11 August 2022 The Future is the Product of the Past

8,000-year-old Yarmukian ‘Mother Goddess’ figurine discovered in Israel

An 8,000-year-old Yarmukian Mother Goddess figurine was found at Sha’ar HaGolan archaeological site, located on the northern bank of the Yarmouk River, in the center of the Jordan Valley.

In two fragments, the 20-centimeter figure was discovered in the Sha’ar HaGolan Yarmukian archaeological site near to the wall of a house.

With an area of ​​3000 m2, the site is one of the important Neolithic settlements in the Near East, yielding important findings including monumental courtyard structures, a system of streets, a water well, and the largest collection of prehistoric art ever found in Israel.

The Yarmukian culture was the first culture in prehistoric Israel and one of the oldest in the Levant to make use of pottery.
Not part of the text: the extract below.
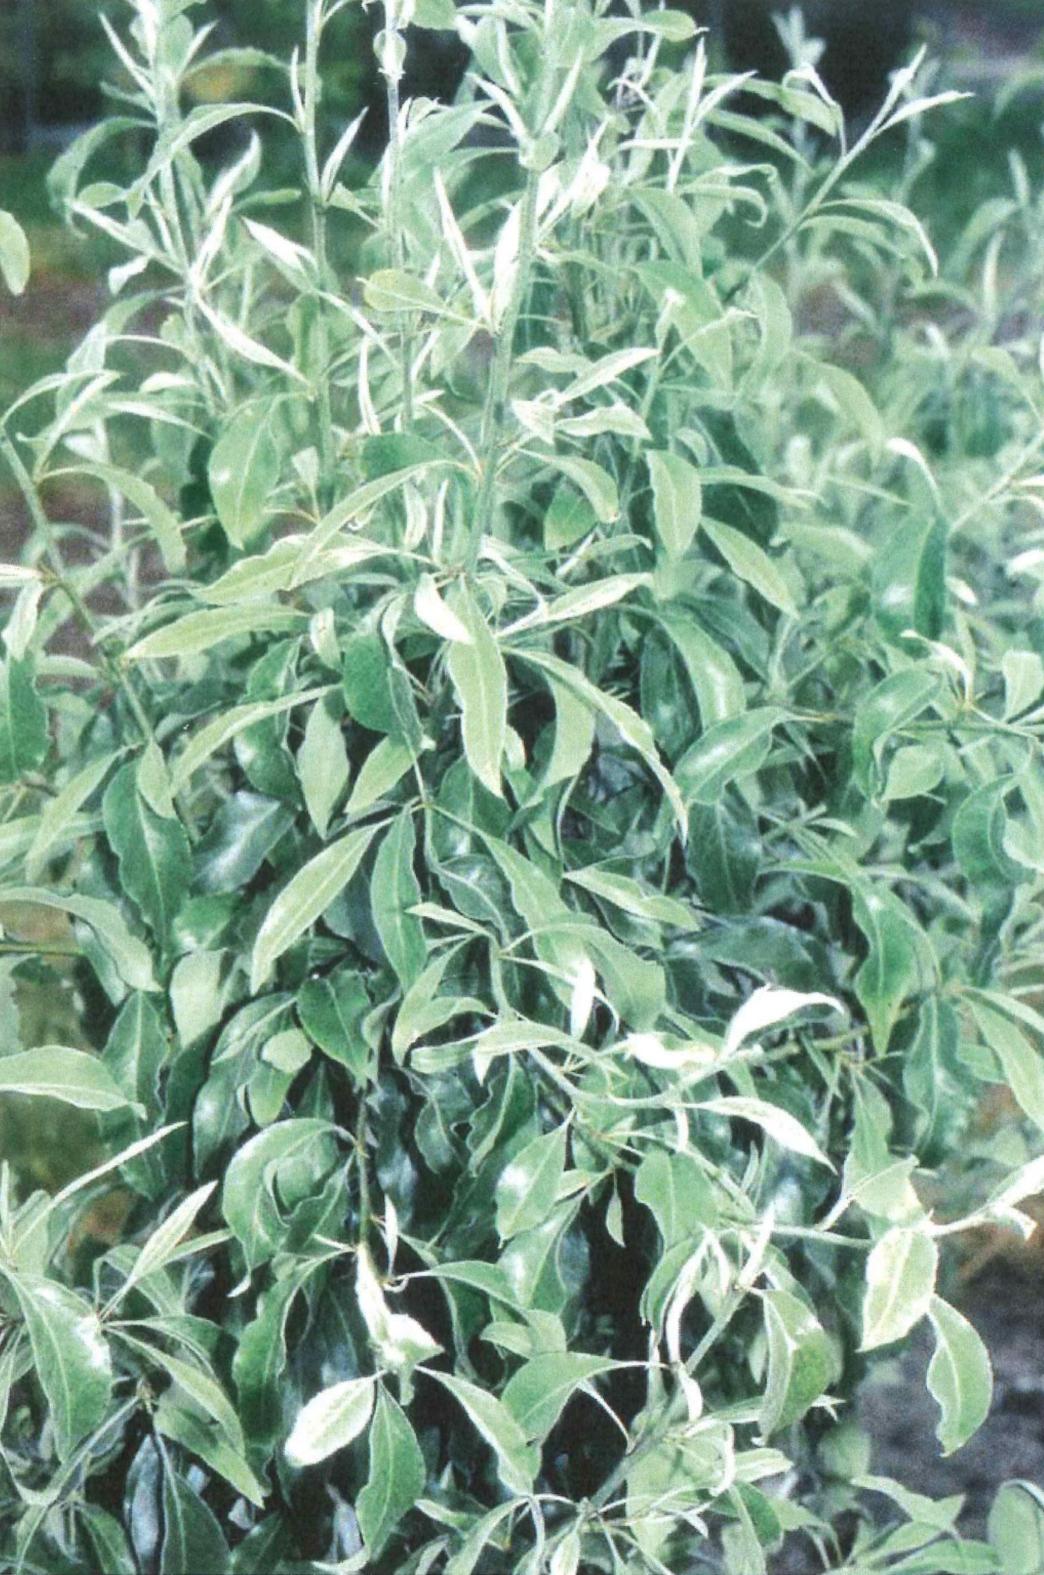 Pyrus elaeagnifolia 'Silver Sails' Ölweidenbirne 'Silver Sails'

The culture is especially famous for its mysterious and distinctive “Mother Goddess” figures, which are thought to have been part of a Yarmukian fertility cult.

Sha’ar HaGolan, excavations 1998. Wikipedia

The 20-centimeter figurine, which was made in the typical sitting position, was discovered broken in two pieces next to a wall of a house, according to excavation co-director Anna Eirikh-Rose, an Israeli Antiquity Authority Judea district archaeologist.
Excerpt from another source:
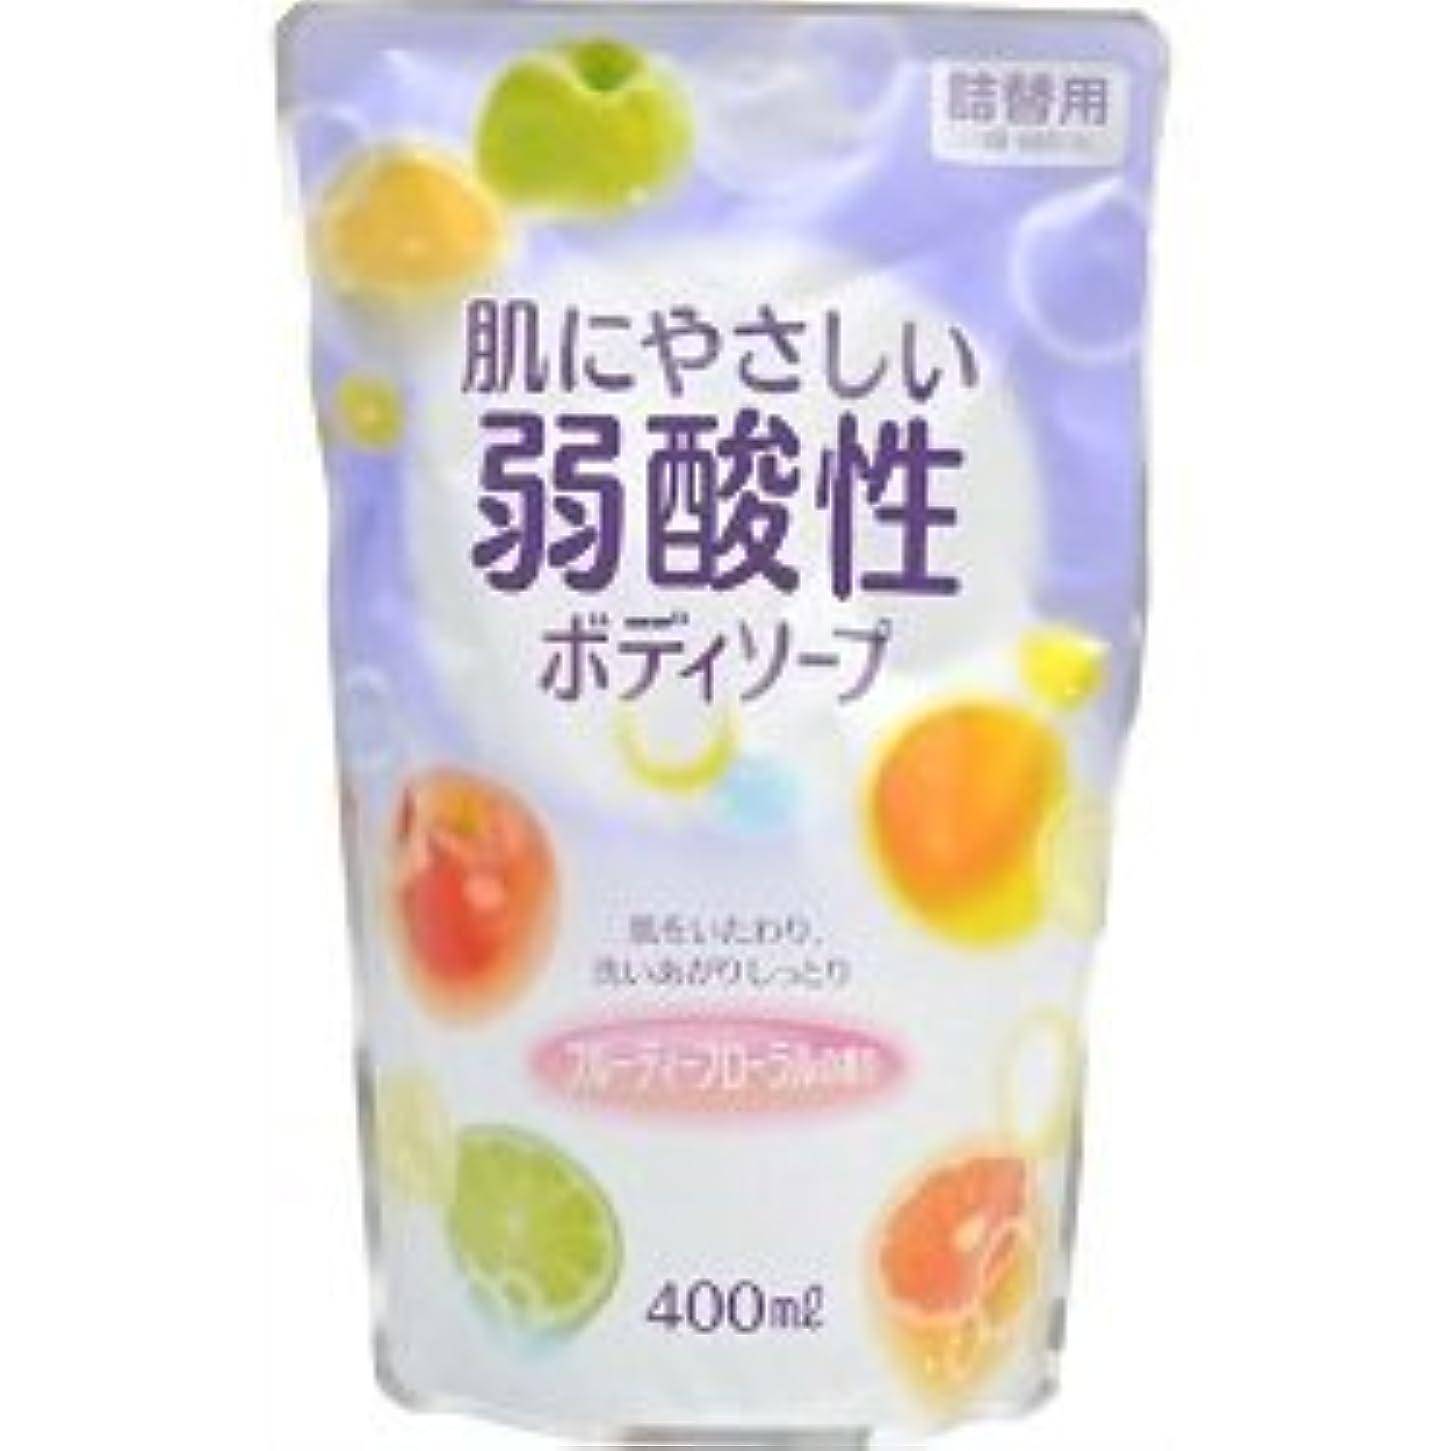 ぼんやりしたシーズンより多い【エオリア】弱酸性ボディソープ フルーティフローラルの香り 詰替用 400ml ×5個セット

The broken figurine was covered by a bracelet with a red bottom, the color which represented fertility. A schematic stone with etched eyes and mouth was also uncovered.

“This woman ceramic figurine is a hallmark of Yarmukian culture,” Eirikh-Rose said. “This is one of the largest examples of the figurine found. It is of a large, seated woman with big hips, a unique pointed hat and what is known as ‘coffee-bean’ eyes and a big nose. One hand is positioned on her hip and the other one under her breast.”

All the little details of the figurine are important to cult symbolism, and he noted that the process of creating such a figurine involved a complex method of wrapping and layering clay around a central cylindrical core and was certainly not easy.

The excavation is being conducted in collaboration with the French Center for Research in Jerusalem, which is co-directed by Dr. Julien Vieugue.